En espérant m'épargner la peine d'écrire tout le compilateur moi-même, j'ai
obtenu le code source du compilateur Pastel, qui était un compilateur
proposant plusieurs plates-formes, développé au laboratoire
Lawrence Livermore. Il compilait, et c'était aussi le langage
dans lequel il avait été écrit, une version étendue de Pascal, mise au point
pour jouer le rôle de langage de programmation système. J'y ai ajouté une
interface pour le C, et j'ai entrepris le portage de ce programme sur le
Motorola 68000. Mais j'ai dû abandonner quand j'ai découvert que ce
compilateur réclamait plusieurs méga-octets d'espace de pile, alors que le
système Unix disponible sur le 68000 ne gérait que
64 Ko d'espace de pile.
C'est alors que j'ai compris que le compilateur Pastel
avait été mis au point dans le but d'analyser le fichier proposé en entrée,
d'en faire un arbre syntaxique, de convertir cet arbre syntaxique en chaîne
d'''instructions'', et d'engendrer ensuite le fichier de sortie,
sans jamais libérer le moindre espace mémoire occupé. C'est à ce moment-là
que j'ai compris qu'il me faudrait réécrire un nouveau compilateur en
partant de zéro.
Ce compilateur est maintenant disponible, il s'appelle GCC ; il
n'utilise rien du compilateur Pastel, mais j'ai réussi à adapter et à
réutiliser l'interface que j'avais écrite pour le C. Mais tout cela ne s'est
produit que quelques années plus tard; j'ai commencé par travailler sur
GNU Emacs.
J'ai commencé à travailler sur GNU Emacs en septembre 1984, et ce
programme commençait à devenir utilisable début 1985. Cela m'a permis
d'utiliser des systèmes Unix pour éditer mes fichiers ; vi et
ed me laissant froid, j'avais jusqu'alors utilisé d'autres types de
machines pour éditer mes fichiers.
C'est alors que j'ai reçu des requêtes de gens souhaitant utiliser
GNU Emacs, ce qui a soulevé le problème de sa distribution.
Je l'avais bien sûr proposé sur le serveur ftp de l'ordinateur
du MIT que j'utilisais (cet ordinateur, prep.ai.mit.edu,
a ainsi été promu au rang de site de distribution par ftp principal
du projet GNU ; quelques années plus tard, à la fin de son
exploitation, nous avons transféré ce nom sur notre nouveau serveur
ftp).

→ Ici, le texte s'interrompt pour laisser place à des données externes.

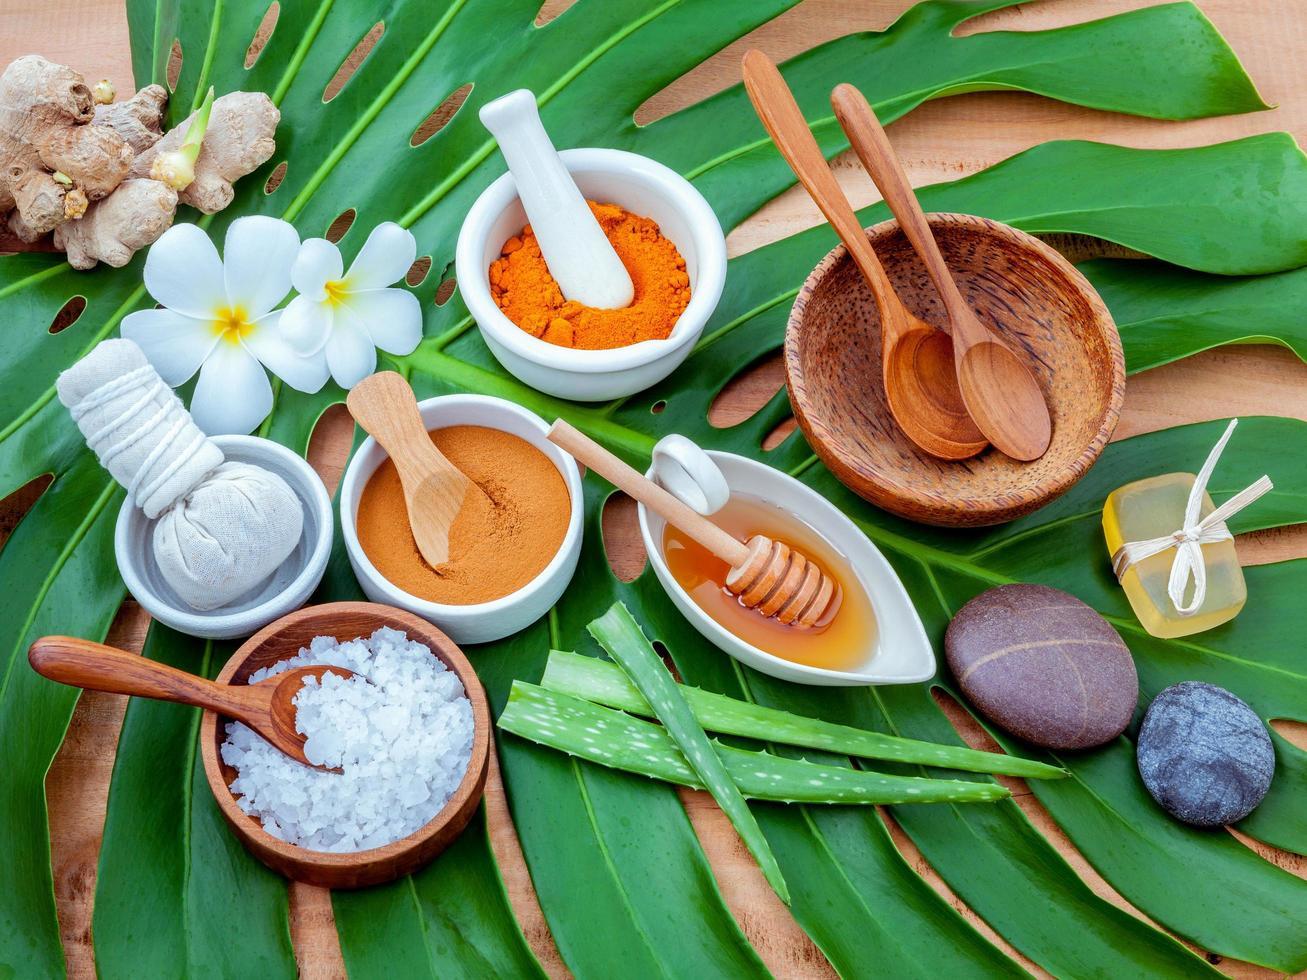 ingredientes de spa en hojas verdes foto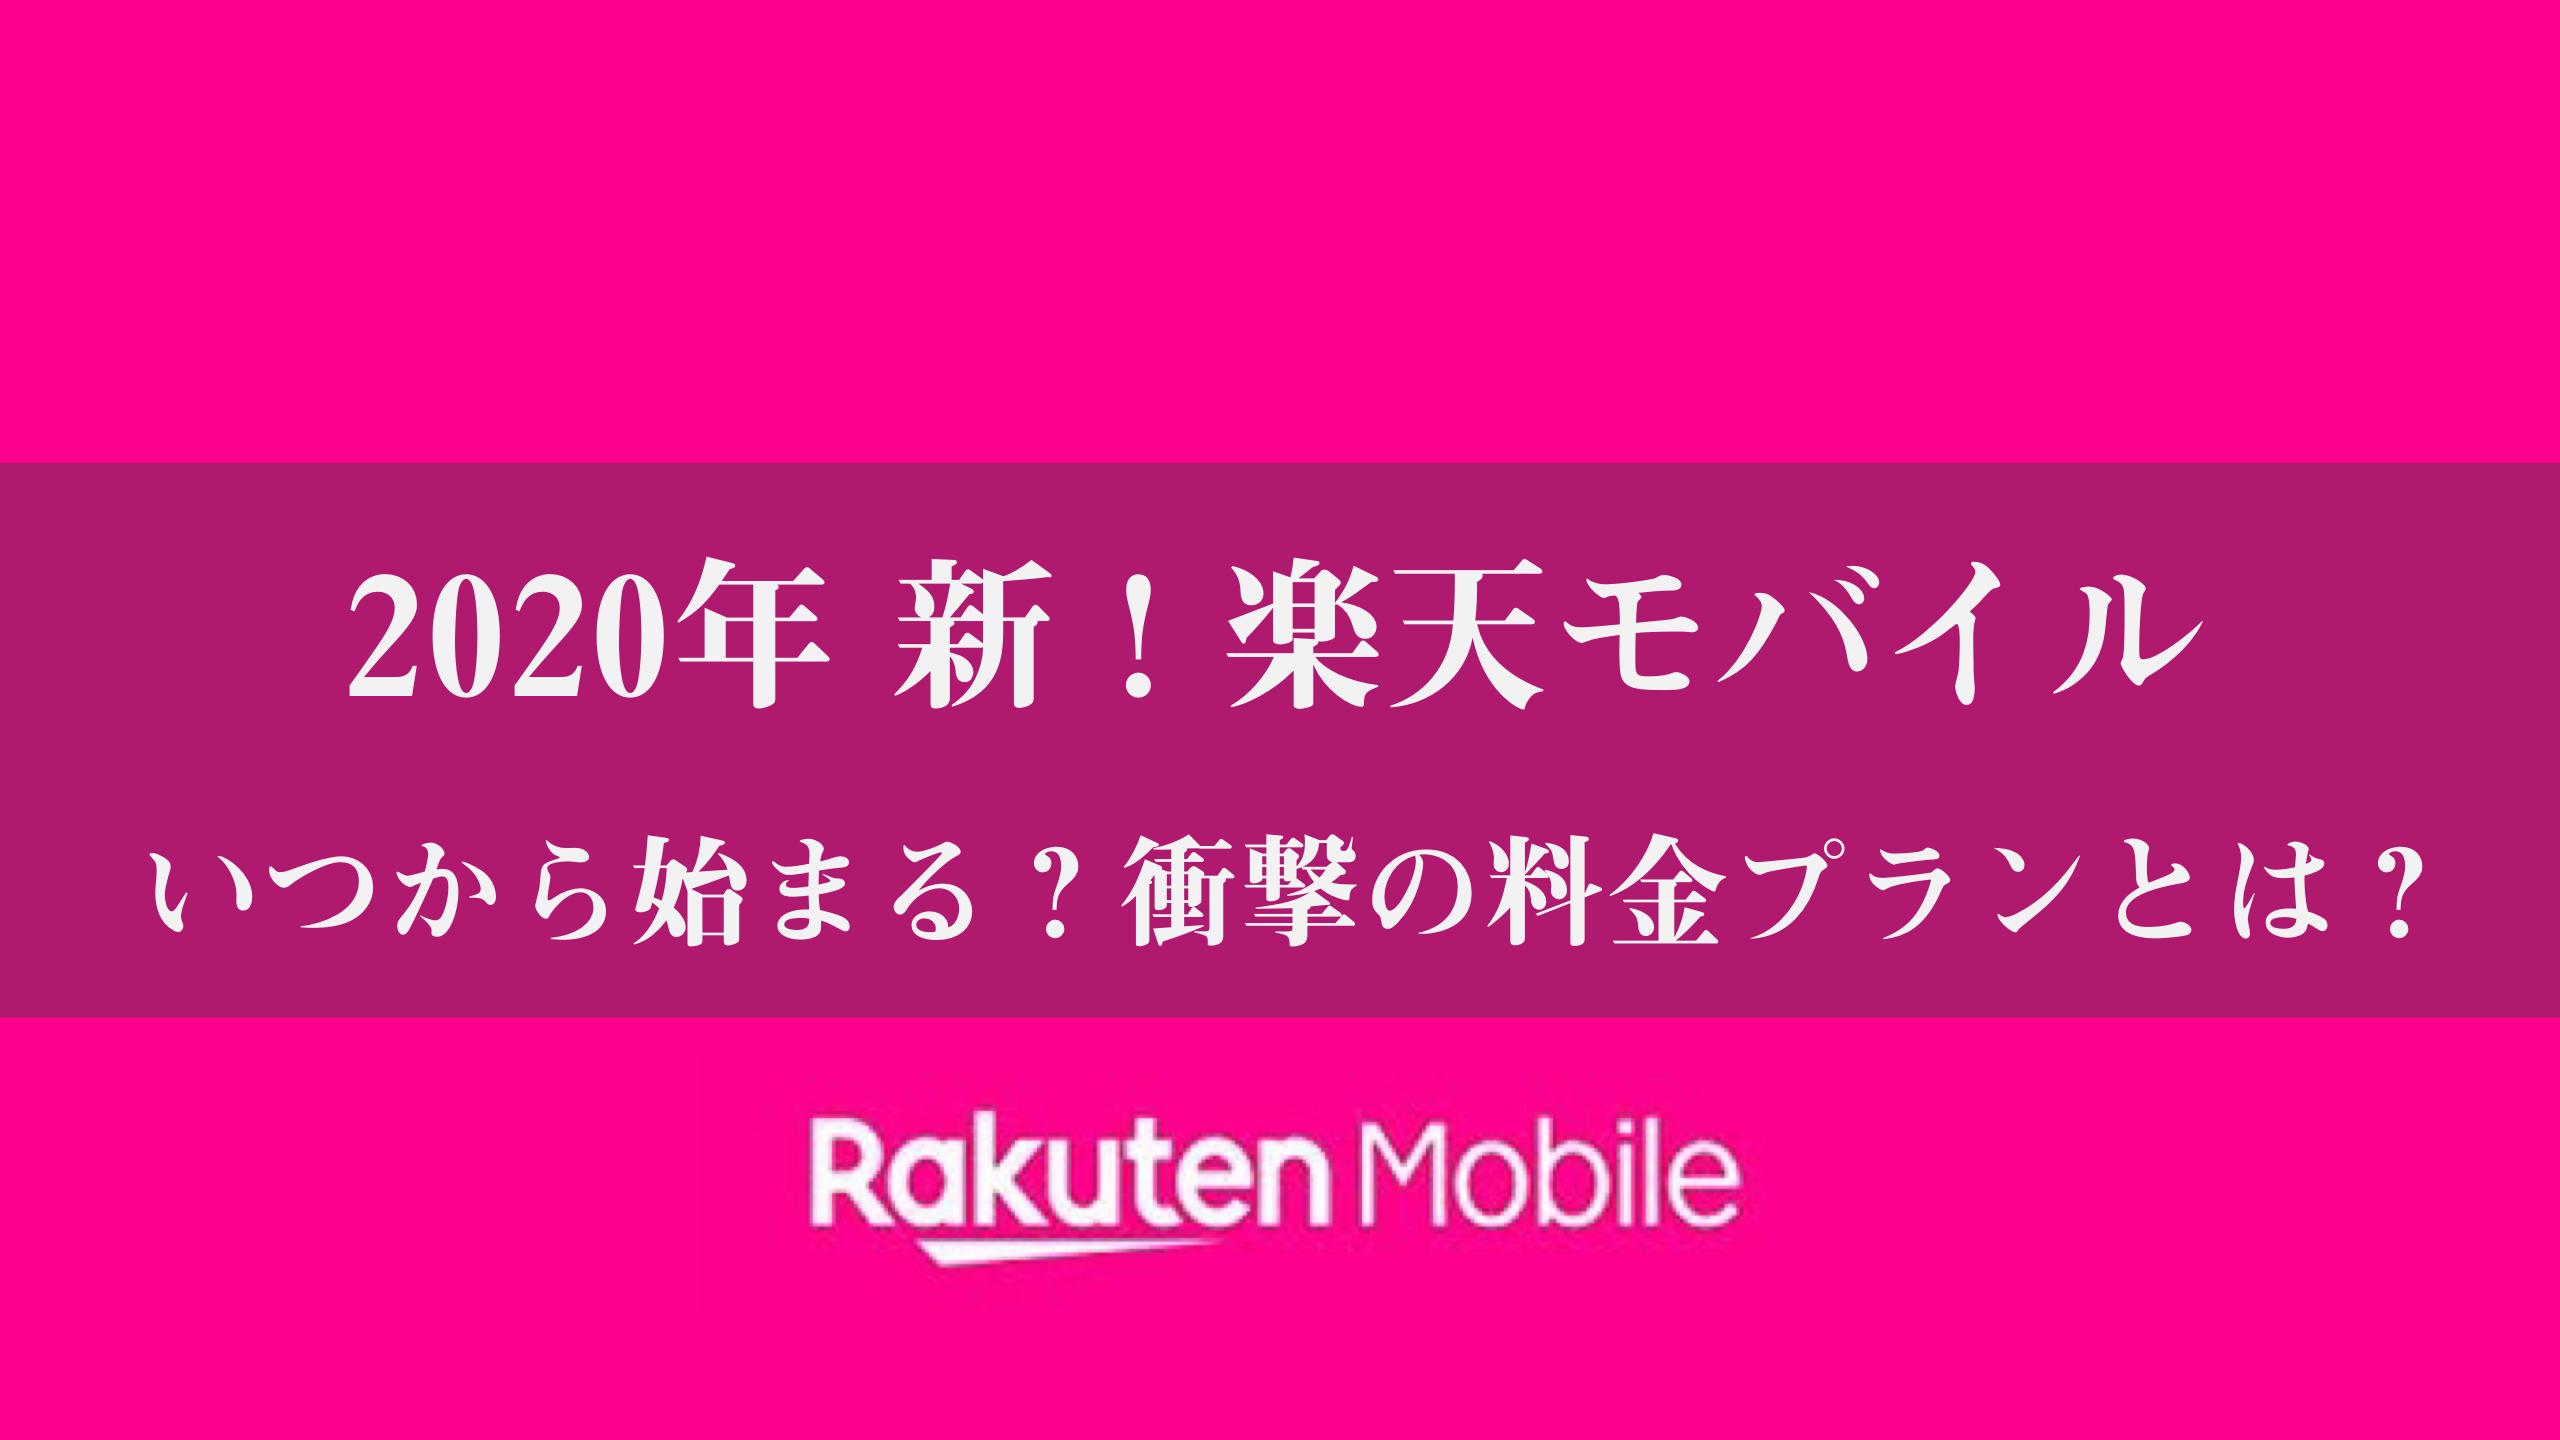 【楽天MNO】新楽天モバイルの携帯回線はいつから開始?衝撃の料金プランなど情報まとめ!

Mais à l'époque, nombreux étaient ceux qui parmi les
personnes intéressées n'avaient pas d'accès à l'Internet et ne pouvaient
pas obtenir une copie du programme par ftp. La question se posait
en ces termes : que devais-je leur dire ?
J'aurais pu leur dire : ``Trouvez un ami qui dispose d'un accès au
réseau et qui vous fera une copie.''
J'aurais pu également procéder comme j'avais procédé avec la version originale
d'Emacs, sur PDP-10, et leur dire : ``Envoyez-moi
une bande et une enveloppe timbrée auto-adressée, et je vous les renverrai
avec Emacs.'' Mais j'étais sans emploi, et je cherchais des
moyens de gagner de l'argent grâce au logiciel libre. C'est pourquoi j'ai
annoncé que j'enverrais une bande à quiconque en désirait une, en échange
d'une contribution de 150 USD.
De cette manière, je mettais en place une entreprise autour du marché de la
distribution du logiciel libre, entreprise précurseur des sociétés qu'on
trouve aujourd'hui et qui distribuent des systèmes entiers fondés sur
GNU/Linux.
Si un programme est un logiciel libre au moment où il quitte les mains de son
auteur, cela ne signifie pas nécessairement qu'il sera un logiciel libre pour
quiconque en possédera une copie. Le logiciel relevant du
domaine public, par exemple
(qui ne tombe sous le coup d'aucun copyright), est du logiciel libre ;
mais tout un chacun peut en produire une version propriétaire modifiée. De
façon comparable, de nombreux programmes libres sont frappés de copyrights
mais distribués sous des licences permissives qui autorisent la création de
versions modifiées et propriétaires.
L'exemple paradigmatique de ce problème est le système X Window.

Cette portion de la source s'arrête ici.